From the line containing "Repair Wall Mount" through the end of the entries, please repeat every line exactly and nothing more; the pictures do not belong in the copy.
Data for this exercise section start
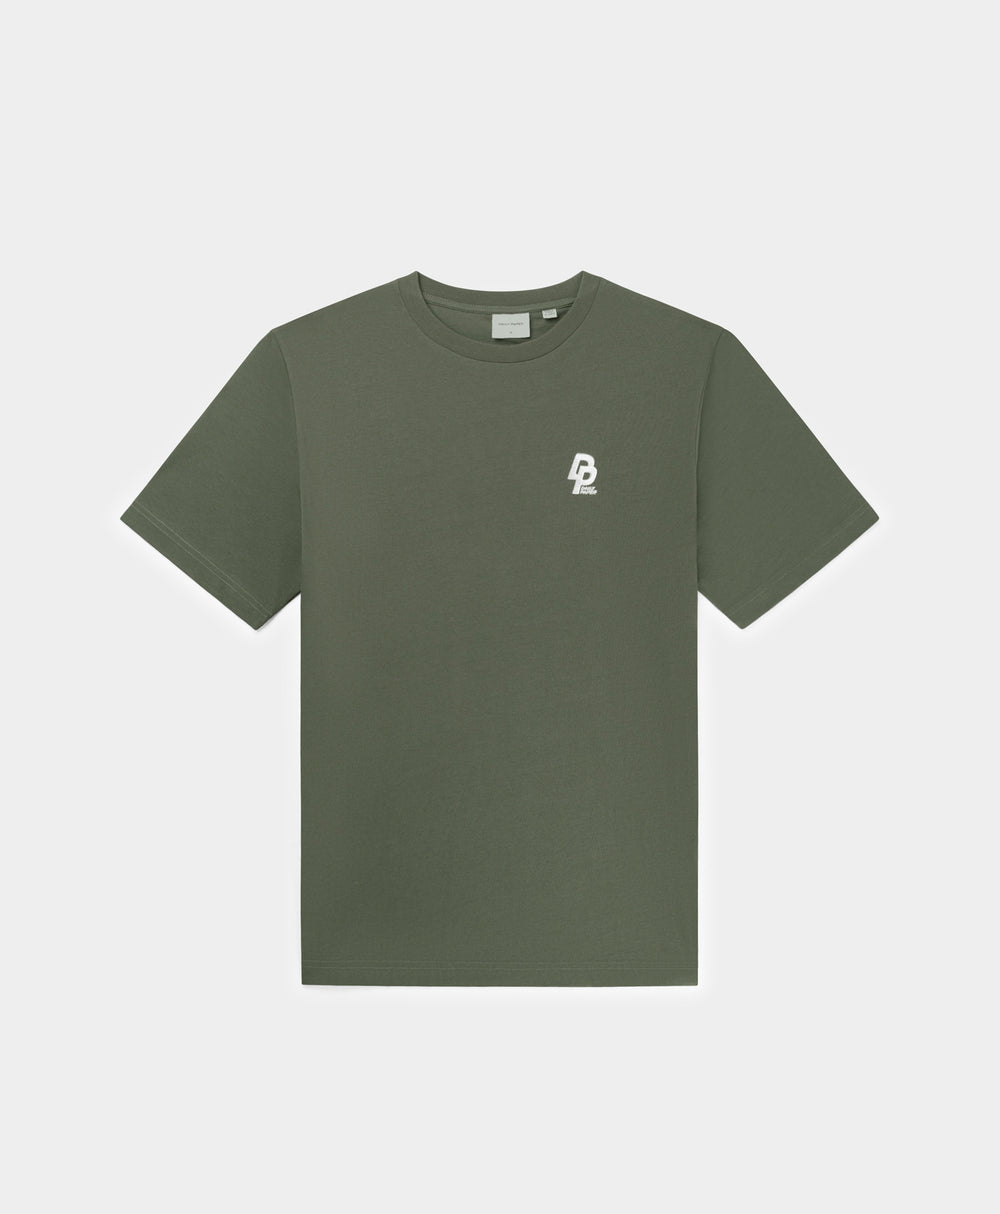 DP - Chimera Green Eli T-Shirt - Packshot - Front
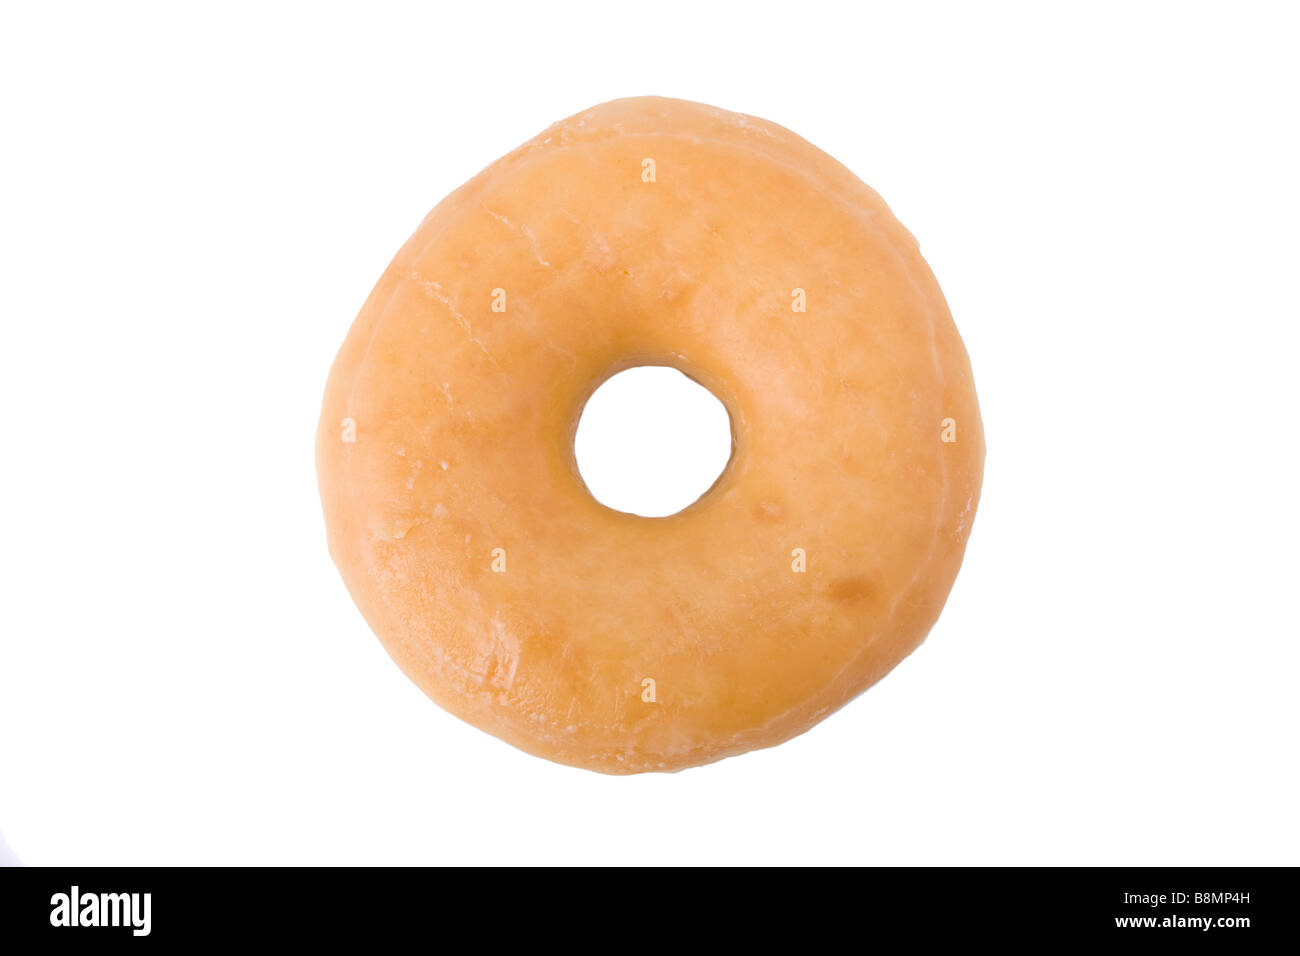 Doughnut or donut isolated on white Stock Photo
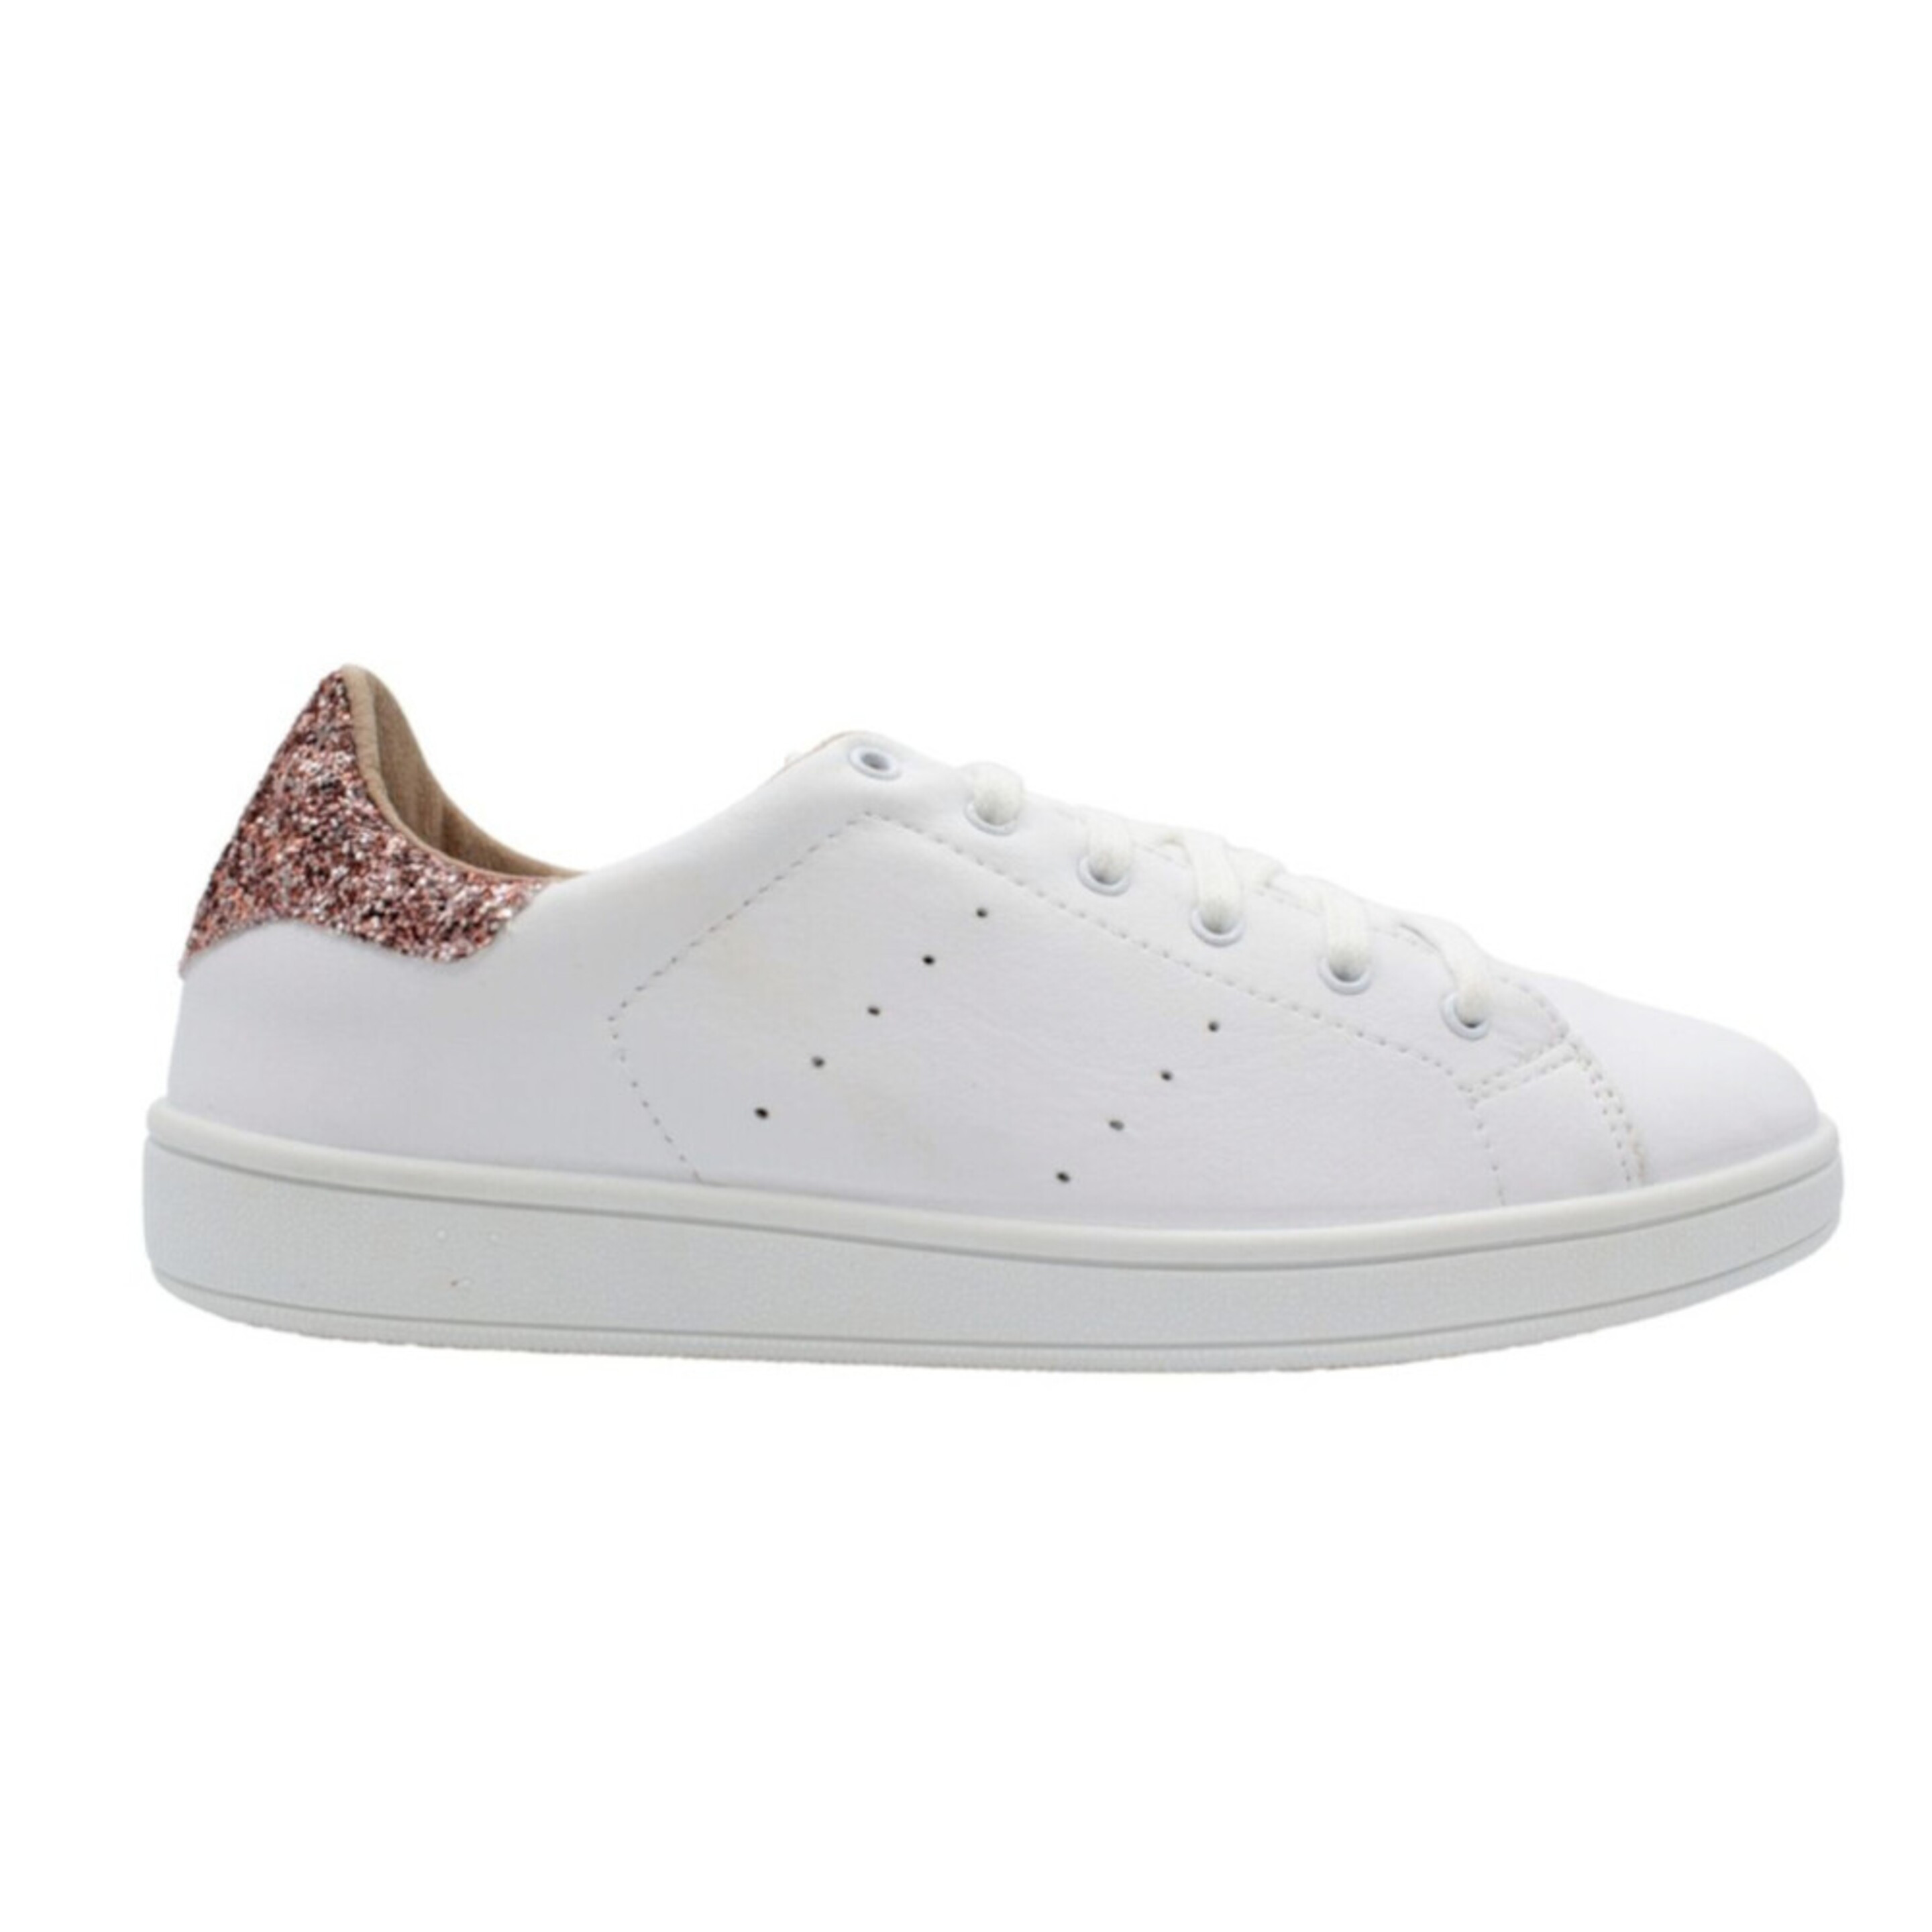 Sneaker Owlet Shoes Ava - blanco-rosa - 
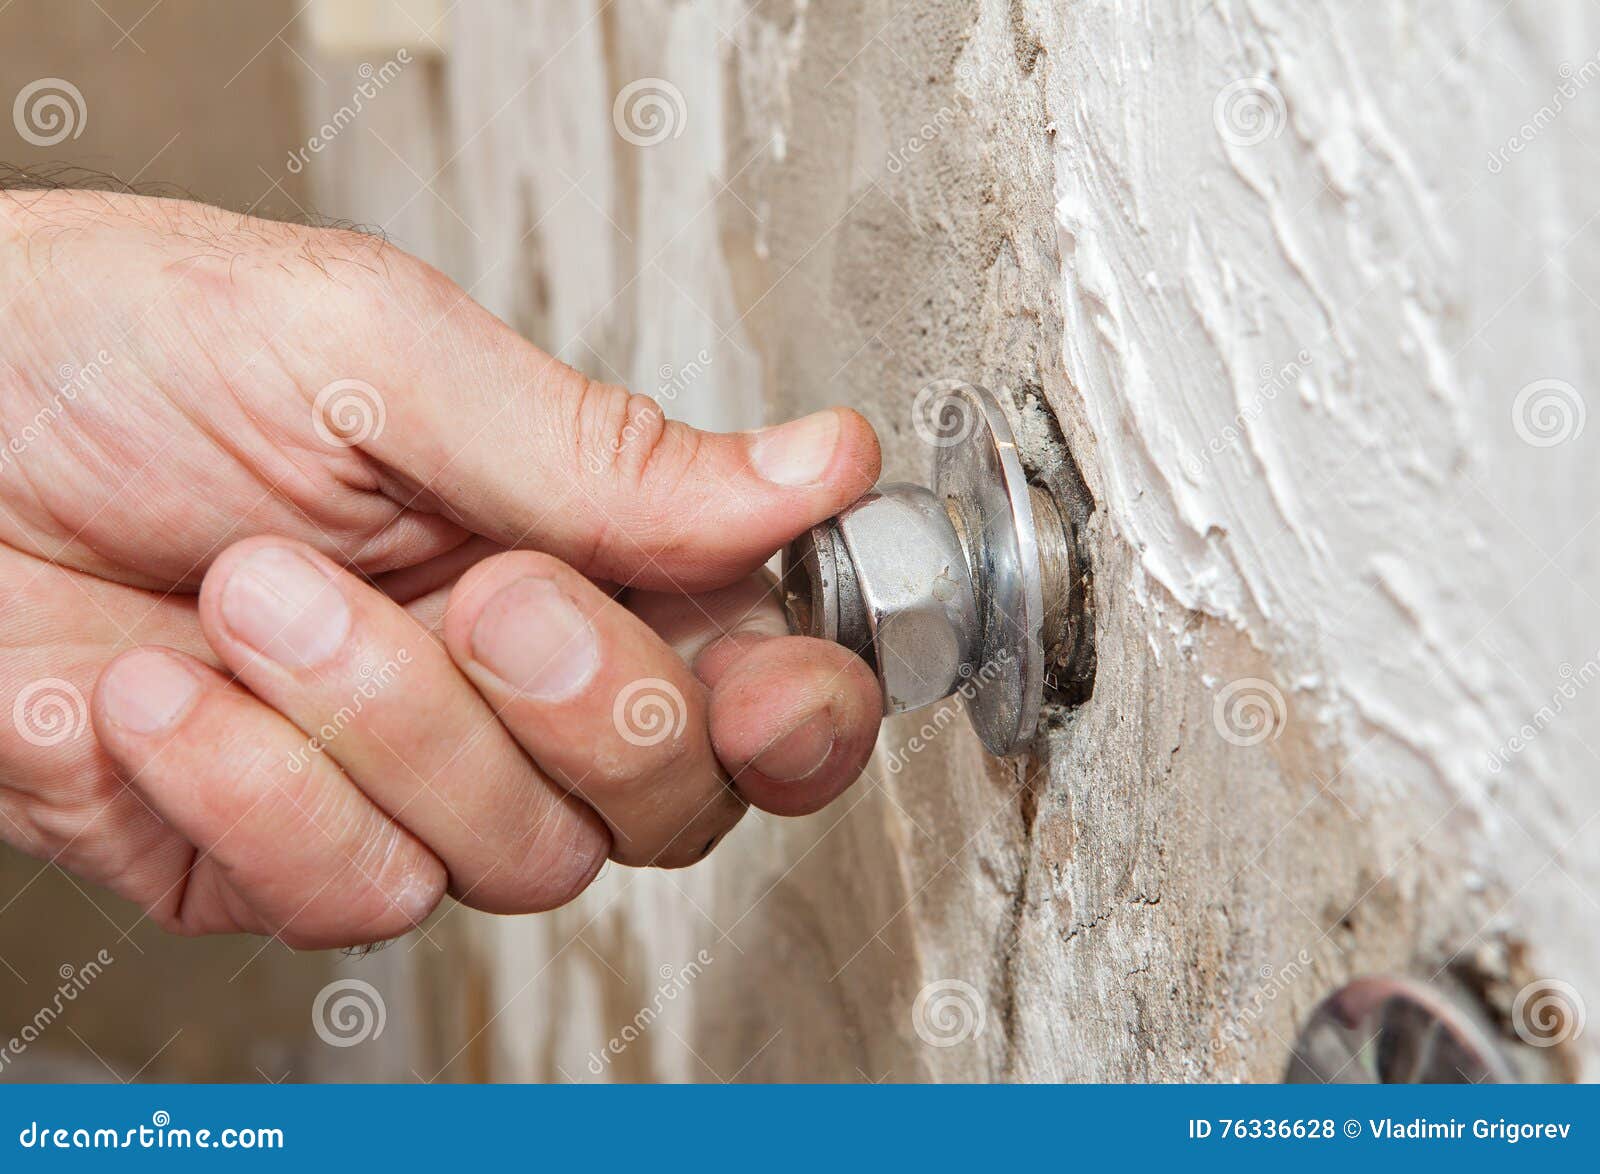 Repair Wall Mount Faucet Close Up Hand Plumber Turns Eccentric
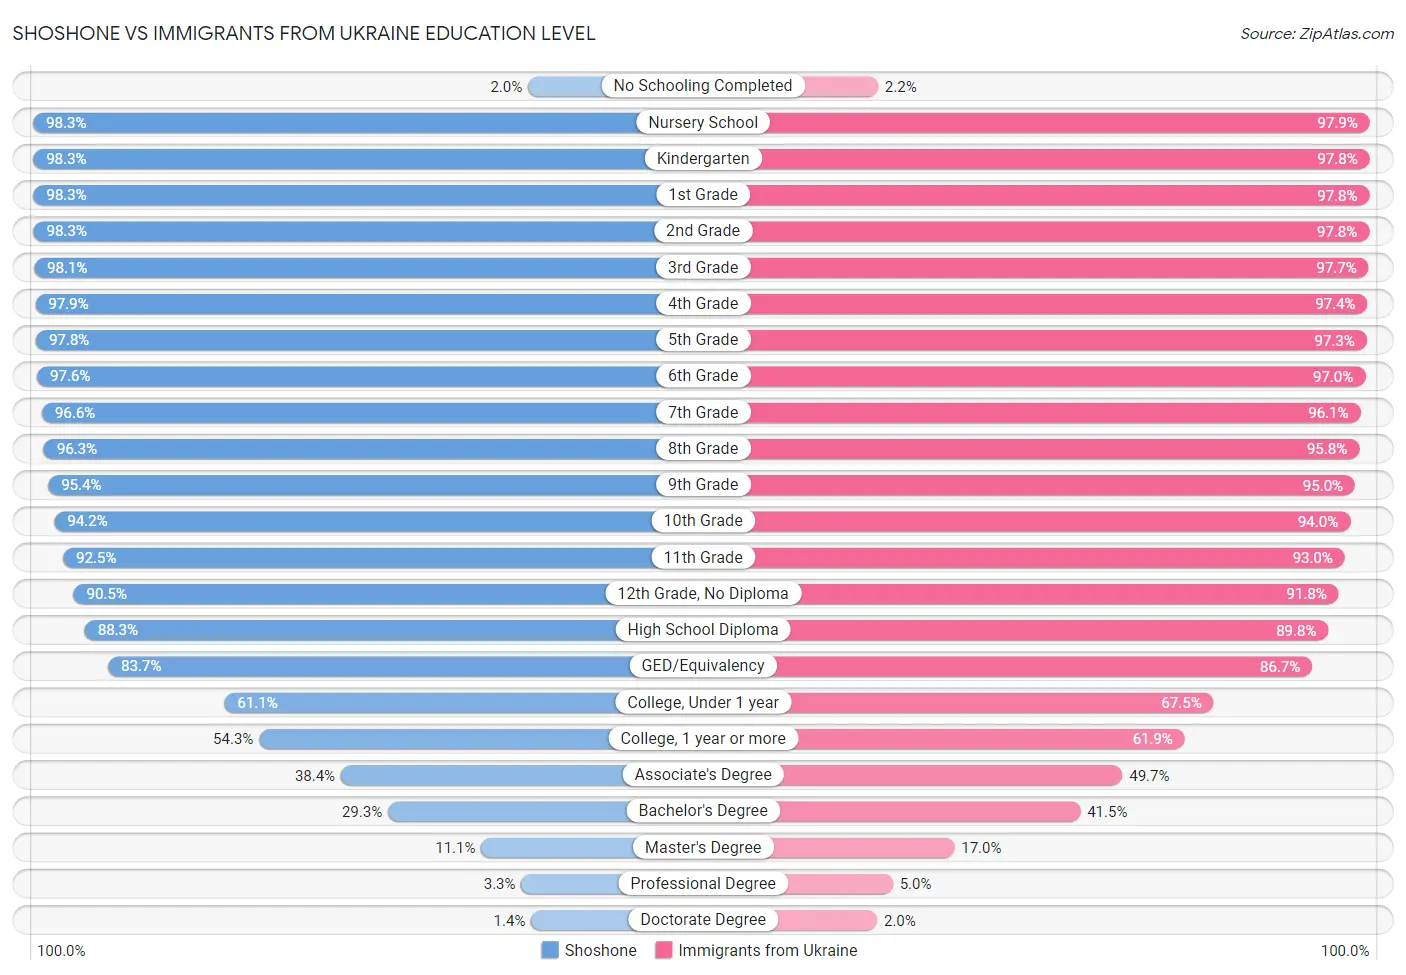 Shoshone vs Immigrants from Ukraine Education Level
Data for this exercise section end
● **Result of the task**
 Repair Wall Mount Faucet Close Up Hand Plumber Turns Eccentric
 Shoshone vs Immigrants from Ukraine Education Level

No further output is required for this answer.